7  Feature distribution

7.1 Read distribution across transcript regions

Ribosome-protected fragments (RPFs) are predominantly derived from coding sequence (CDS) regions, as ribosomes actively translate these parts of the mRNA. Consequently, high-quality Ribo-seq data should show a strong enrichment of reads mapping to CDS regions, with relatively fewer reads aligning to untranslated regions (5′UTR and 3′UTR).

Analyzing the proportion of reads mapping to CDS versus 5′UTR and 3′UTR provides an important metric for assessing Ribo-seq data quality.

  • High CDS enrichment indicates efficient ribosome footprint capture and proper rRNA/tRNA depletion.

  • Excessive 5′UTR or 3′UTR mapping may suggest contamination from non-translating RNA fragments or suboptimal library preparation.

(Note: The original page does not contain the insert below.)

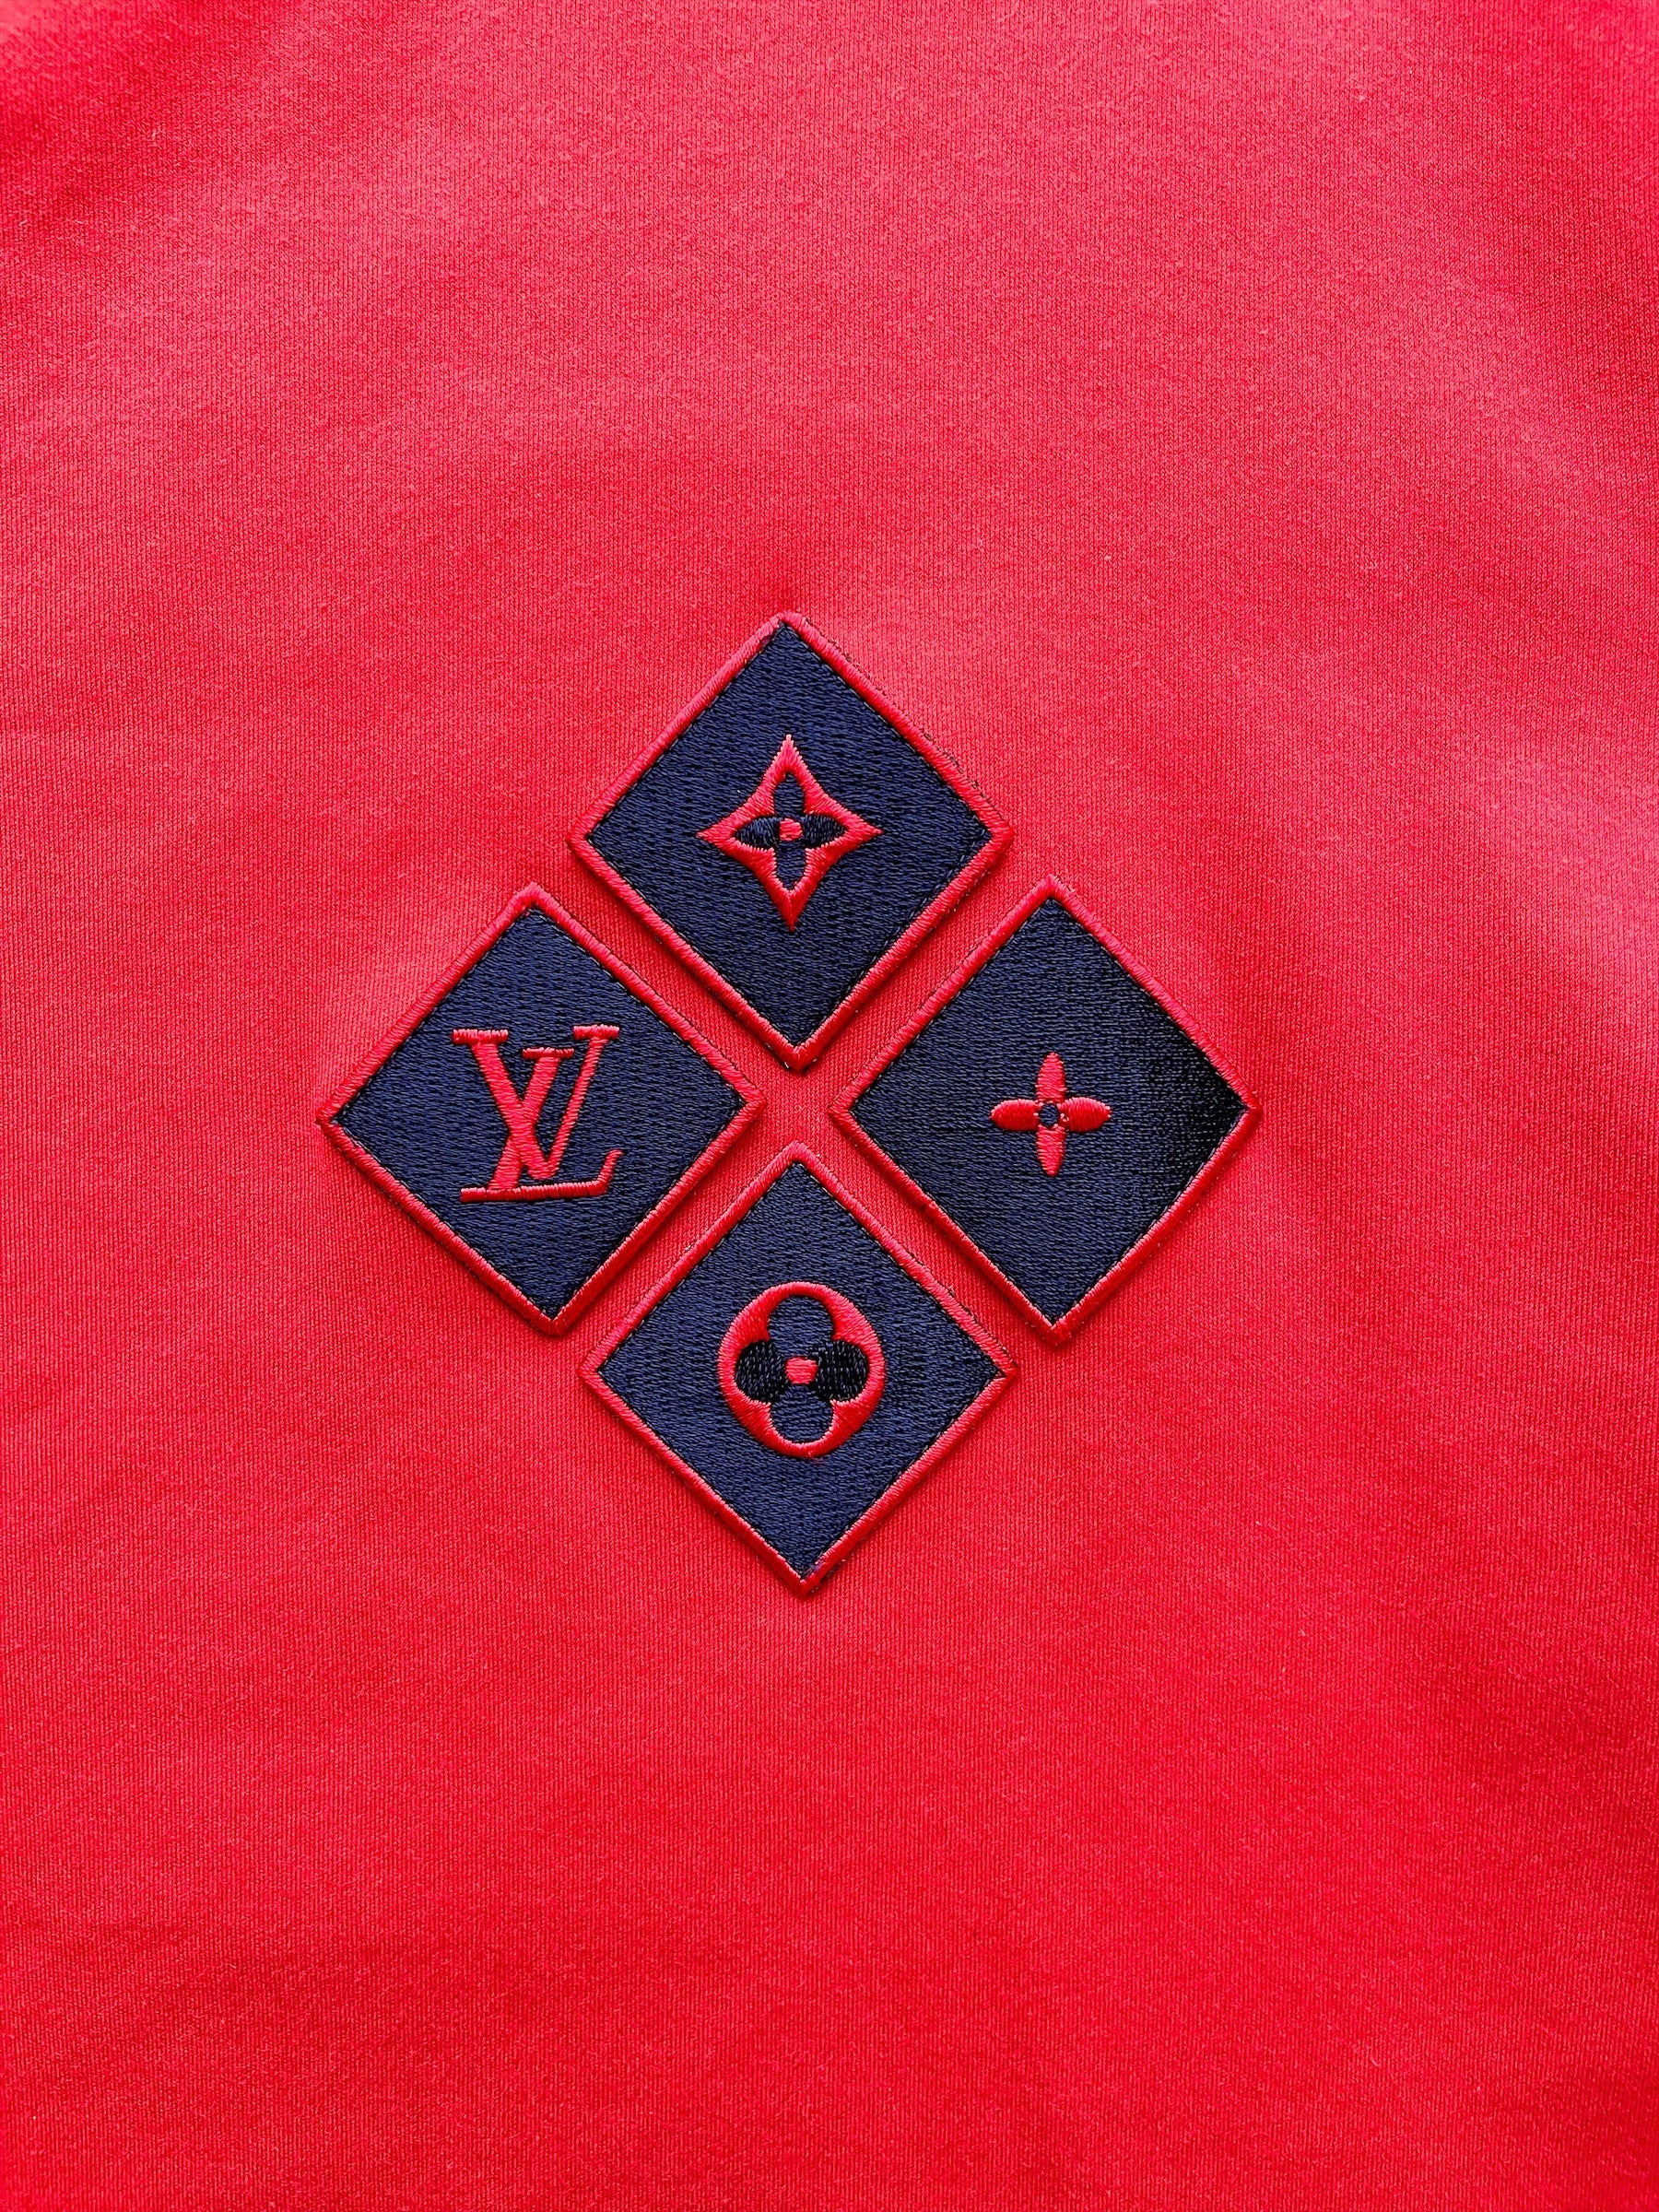  Louis Vuitton Embroidered Logo Applique, Black Heart

A typical high-quality Ribo-seq dataset has >70–80% of reads mapping within annotated CDS regions under standard conditions.

7.2 Feature plot

The feature_plot() function can be used to analyze and visualize the distribution of aligned reads across different transcript features, including the coding sequence (CDS), 5′ untranslated region (5′UTR), and 3′ untranslated region (3′UTR):

feature_plot(obj0)

This plot helps assess the quality of Ribo-seq data by showing the relative proportion of reads mapping to each region. High-quality datasets typically show strong enrichment in CDS regions, as ribosome-protected fragments originate mainly from translated coding regions.
A high percentage of reads in UTRs may indicate contamination or non-specific signals.